Now, we know the global economic crisis has been knocking investor confidence, but it does strike me as a little barmy that, particularly in this climate, people are pouring money into weird and wonderful exploits rather than using sound investment models.

Worryingly, there now appears to be a strong move towards all sorts of alternative products and fund solutions which could undermine confidence in more reliable, traditional models.

Modern portfolio theory is, at one level, quite simple. An investment portfolio should be made up of a range of non-correlated asset classes, based on an analysis of the past performance of each asset class.

This isn't an exact science, and there is debate about how much ought to be held in each asset class, but these models deliver a medium to long term strategic solution. Ultimately, any short term fall in the market should be overcome by remaining in the market longer term.

The alternative products and fund solutions being favoured at the moment range from those investing in woodland or property in developing economic countries, through to protected products offering to return capital at the end of a fixed term. The brochures are glossy, boast attractive headline rates, and promise to deliver beyond traditional investment strategies.

These strategies can be pretty obscure and complex, and although they may be acceptable for the right type of client, it's clear they aren't going to suit the faint-hearted investor. An effective risk-profiling system, allowing for multiple risk profiles across different aspects of a client's portfolio, should be at the heart of every adviser's toolbox.

Some clients may have concerns about traditional investment models, but shouldn't these same clients have a similar level of concern about the exotic schemes that rely on great marketing above proven track-records?

In order to fully understand these new alternative investment solutions advisers need to look 'under the bonnet' and beyond the marketing hype. Rather than concerning ourselves solely with the future of capital markets, we need to be far more aware of the dangers associated with the hood-winking promotional strategies used by the companies offering these alternative investments.

In these difficult times the theory of capital markets, not just modern portfolios, is being seriously challenged.

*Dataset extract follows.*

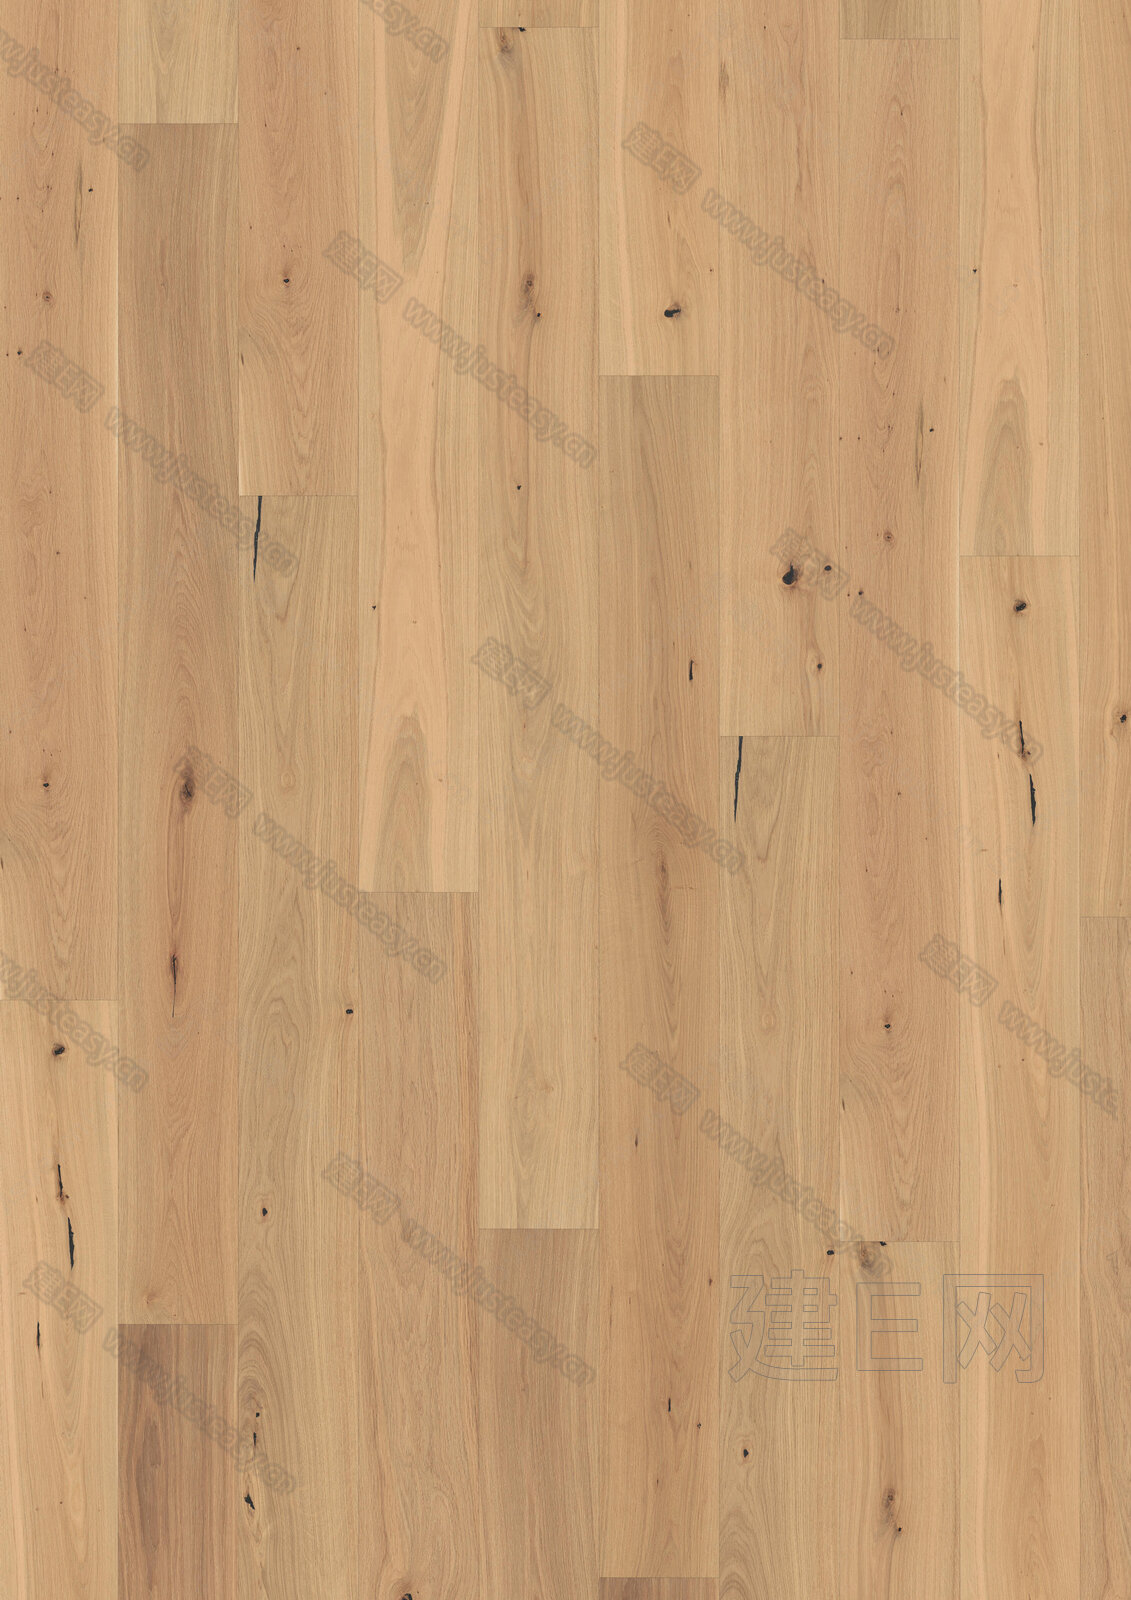 原木色木地板3d贴图

But this doesn't mean that we should be redirecting our investment focus by building and developing new investment strategies.

Alternative investment solutions can have their part to play and there have been some successes where the alternative strategy is part of a client's 'satellite' portfolio solution.

But, ultimately, clients need to be educated to understand their fear, quantify it and, with the help of a professional financial adviser, find a way to invest in a manner in which they can have complete confidence and that is comfortable and affordable.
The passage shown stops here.